** EXERCISE REQUIREMENTS **
Reproduce exactly, and only, the lines of the material below running from the line bearing "Blue crayfish, illustration, vector" through the line bearing "Cake Decorating Basics: Easy". Leave any pictures out.

** DATASET CONTENT **

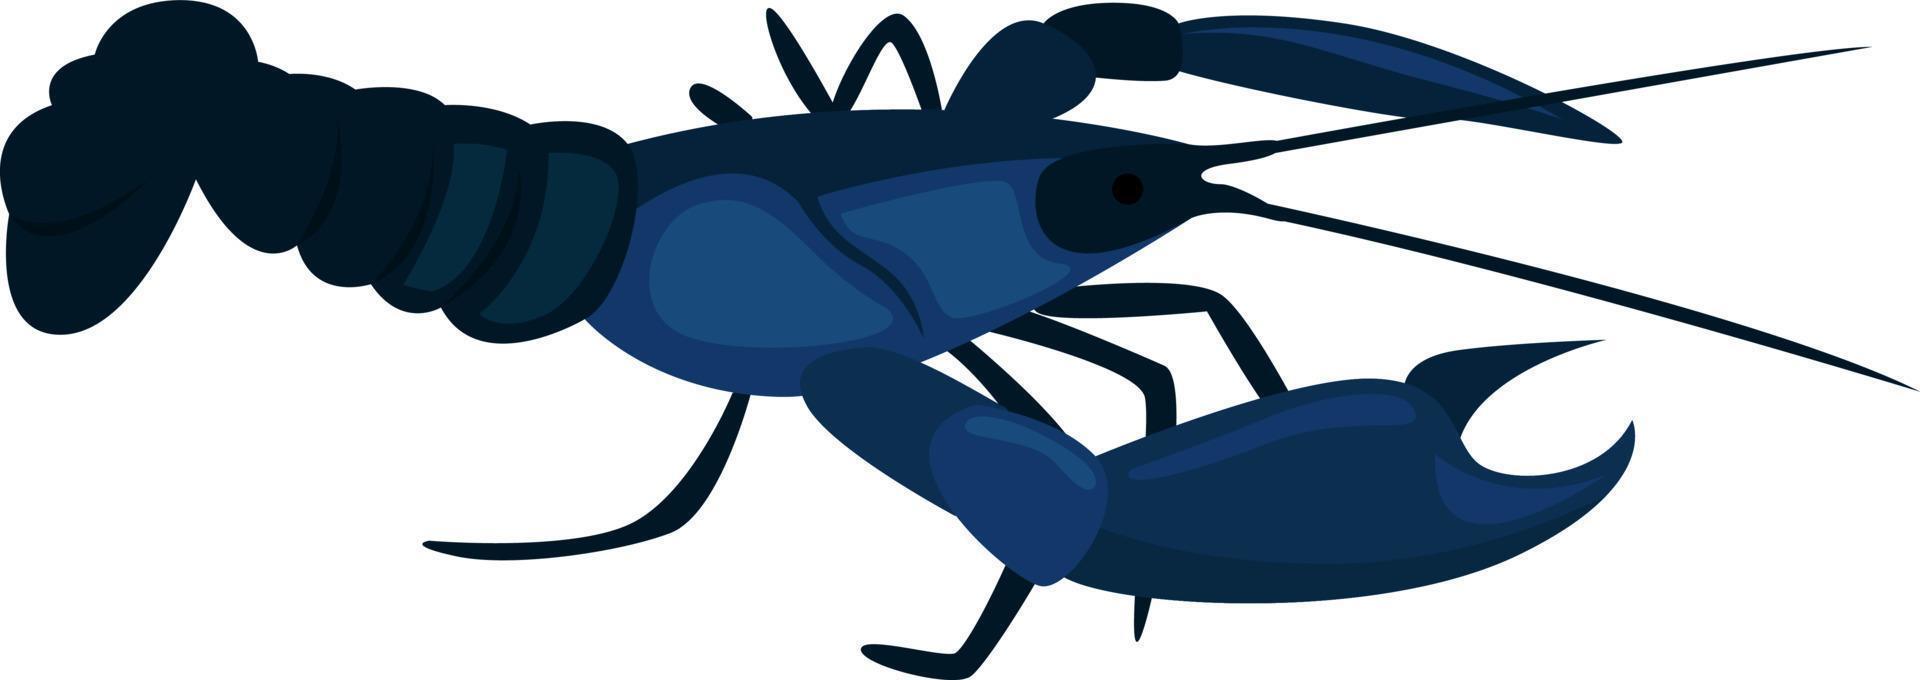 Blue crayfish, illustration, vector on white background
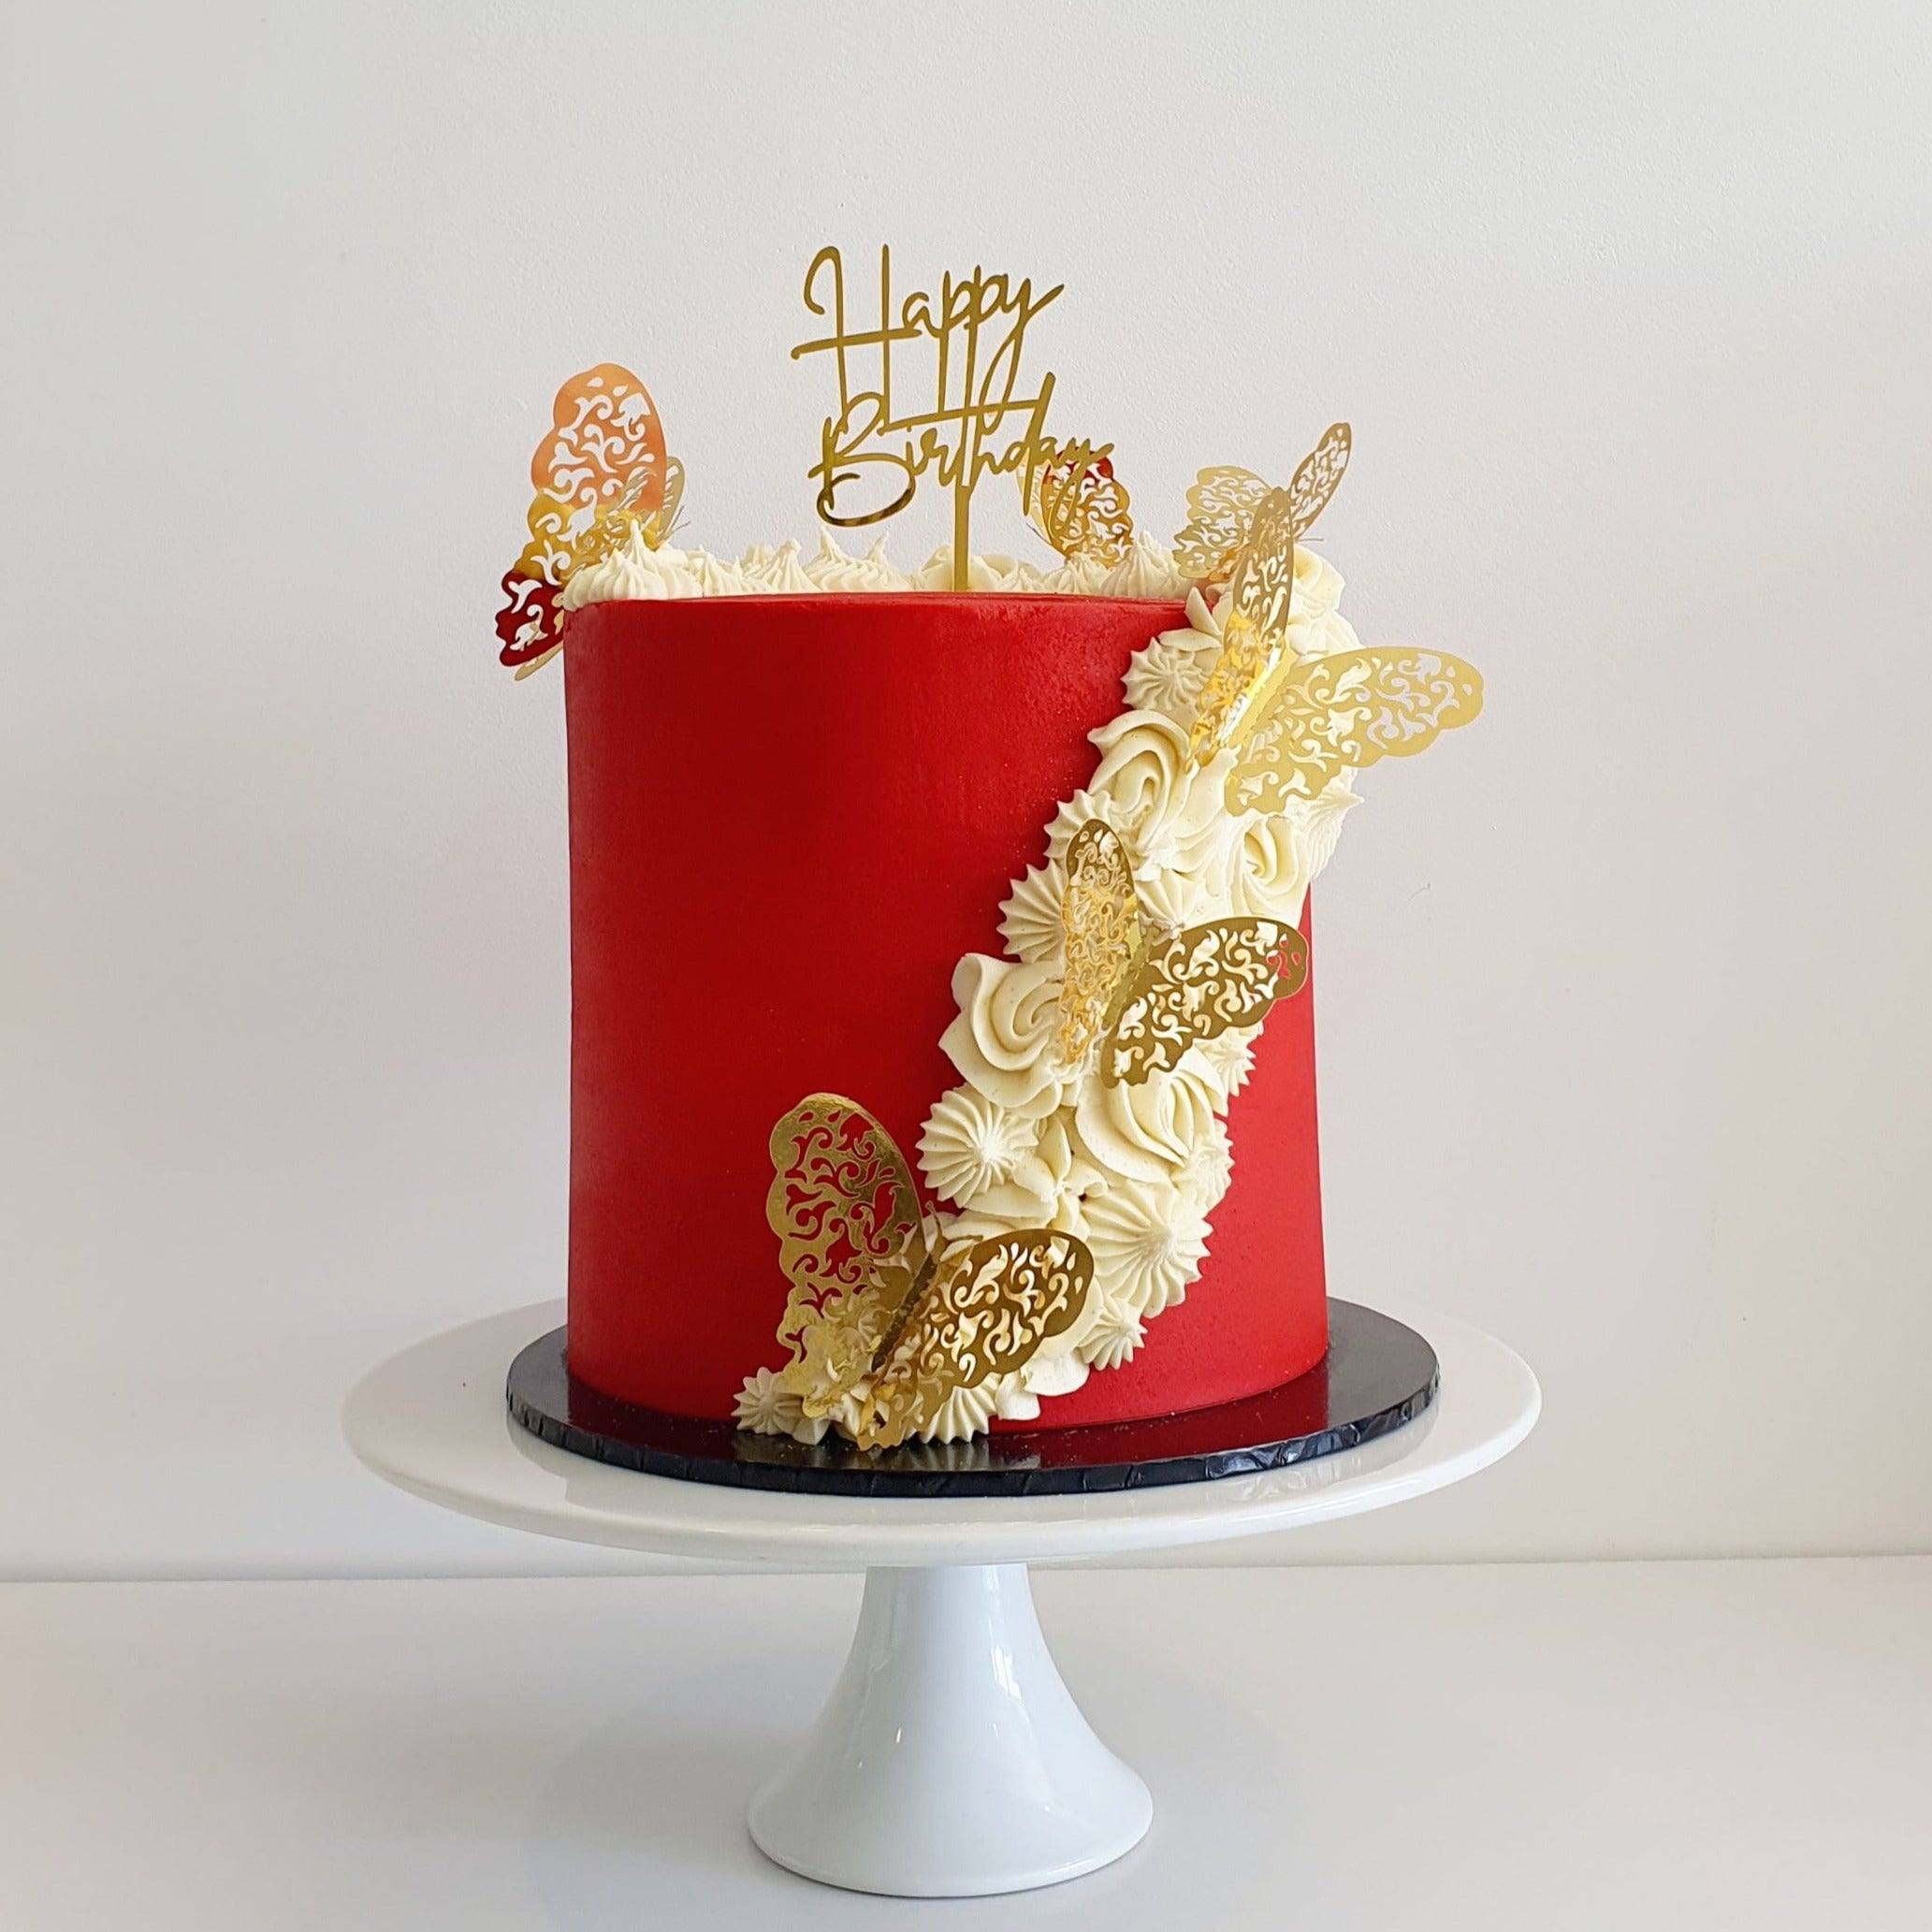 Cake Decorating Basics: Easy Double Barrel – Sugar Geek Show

---

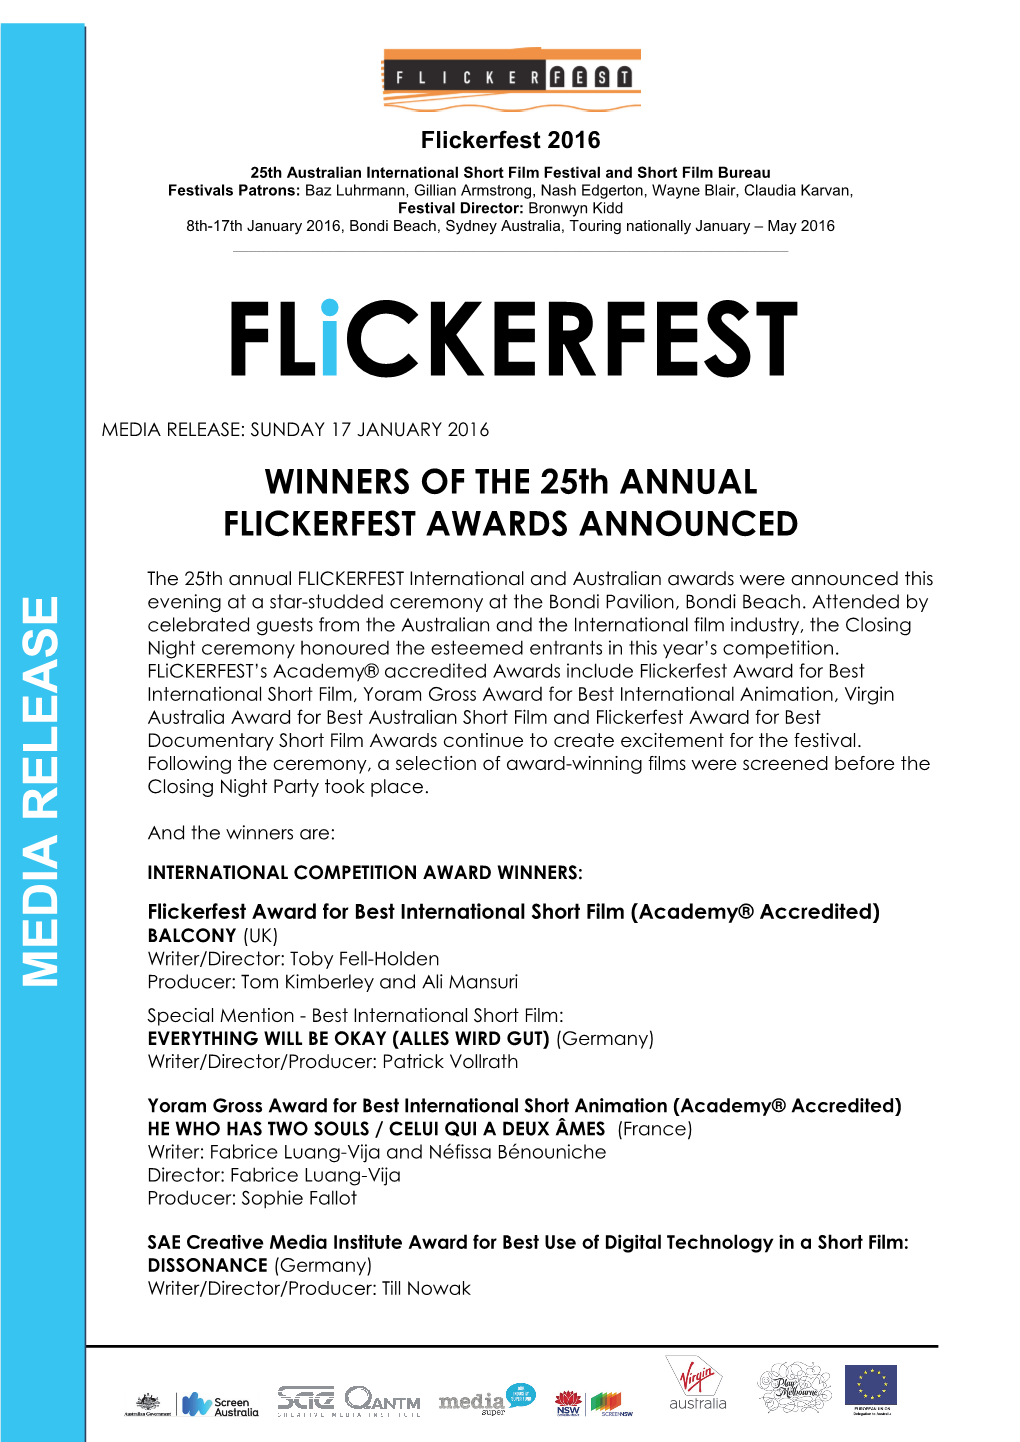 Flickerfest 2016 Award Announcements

---

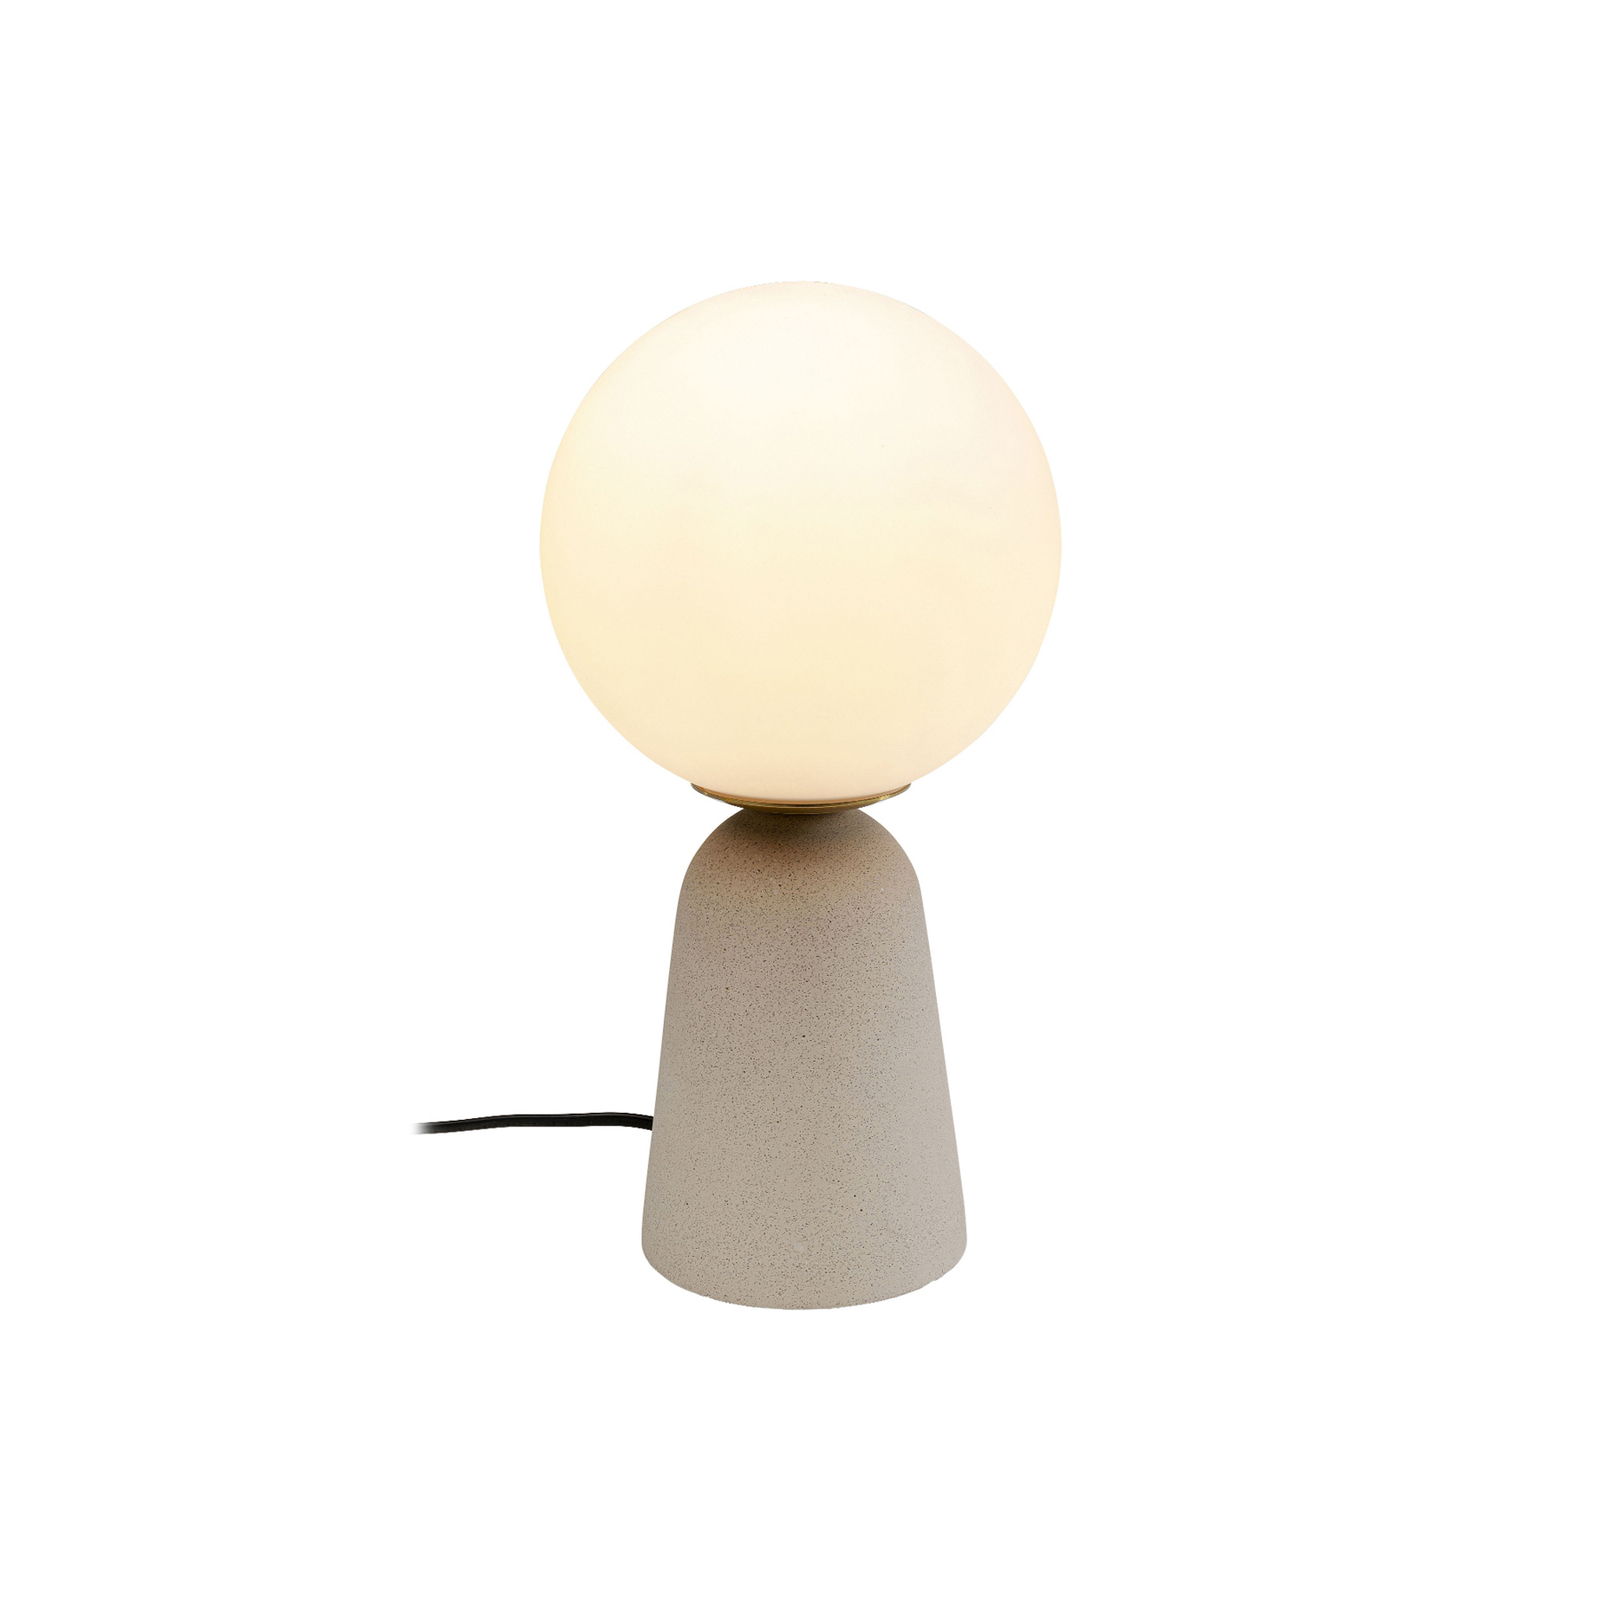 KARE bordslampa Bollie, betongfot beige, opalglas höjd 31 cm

** SOLUTION TO THIS EXERCISE **
 Blue crayfish, illustration, vector on white background
 Cake Decorating Basics: Easy Double Barrel – Sugar Geek Show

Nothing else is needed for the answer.